These Three Indian-Origin Students Made It To Time's 25 Most Influential Teens List

Three Indian-origin students have made it to Time Magazine's list of 25 most influential teens of 2018.

Three Indian-origin students have made it to Time Magazine’s list of 25 most influential teens of 2018.

Indian-American Kavya Kopparapu, Rishab Jain, and British-Indian Amika George featured in the group, who have made a mark in their respective fields and inspired youngsters across the globe.

Rishab Jain, an eighth-grader from Oregon, developed an algorithm that can possibly cure pancreatic cancer. The 14-year-old developed a software tool that, during simulations, has helped doctors zero in on the pancreas more accurately, ideally improving treatments, Times Magazine reported. The algorithm won Jain the $25,000 top prize at the Discovery Education 3M Young Scientist Challenge in October.
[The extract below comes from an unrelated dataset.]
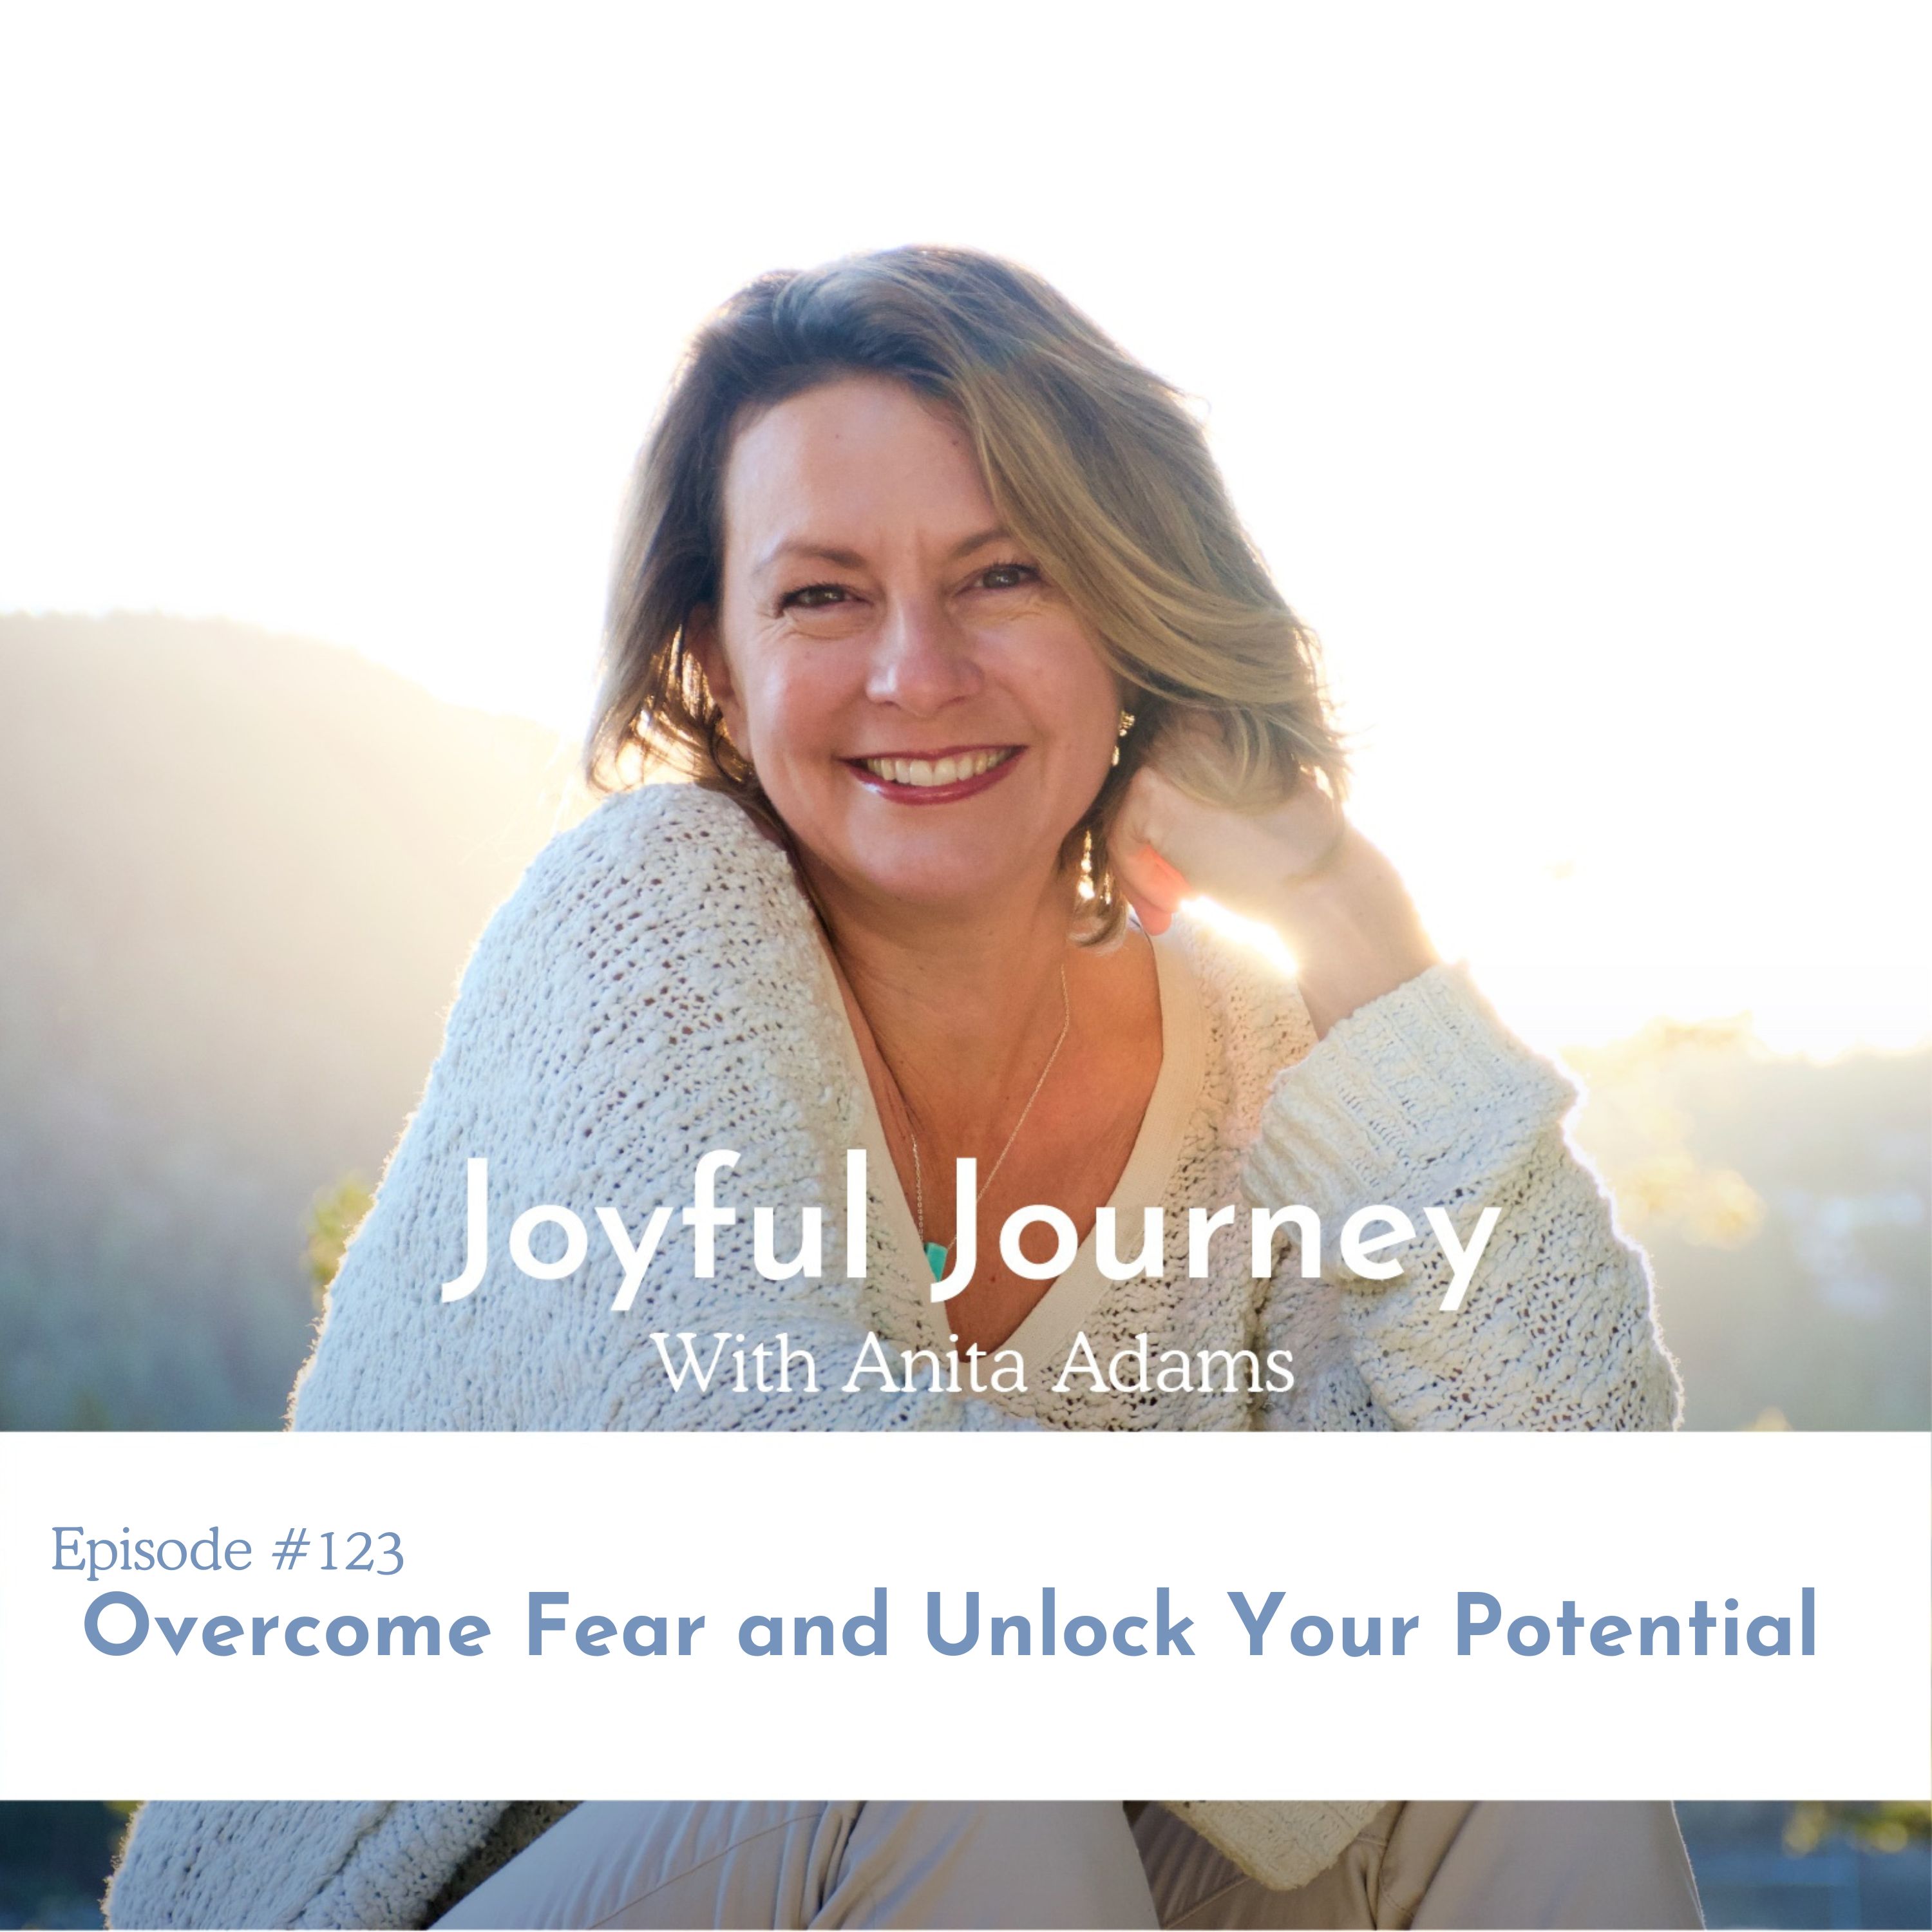 Overcome Fear and Unlock Your Potential

He is now looking for partners, either hospitals or independent physicians, who could help him run a clinical trial to continue testing.

18-year-old Kavya Kopparapu decided to develop a system to improve the survival rate of glioblastoma, an aggressive brain cancer, which has not improved for the past 30 years.

The Indian-American, who recently got admitted to Harvard University, developed a deep-learning computer system that can scan slides of tissue from brain cancer patients looking for differences in density, colour, texture and cellular alignment that are unique to that particular person’s case.

She aims “to develop targeted therapies that are also unique to the person.”

Amika George, a 19-year-old, only goal is to end “period poverty.” She aims to convince policymaker to allocate fund for the distribution of menstrual products to girls and women who cannot afford them.

“It really upsets me,” she tells the magazine on learning that many girls in the UK were routinely missing school during their periods because they could not afford to buy menstrual products.

She launched the #FreePeriods campaign as a response, gathering nearly 200,000 signatures on her petition to help eradicate period poverty; the movement eventually garnered the support of over a dozen U.K. policymakers, galvanising the government to allocate funds to the issue for the first time.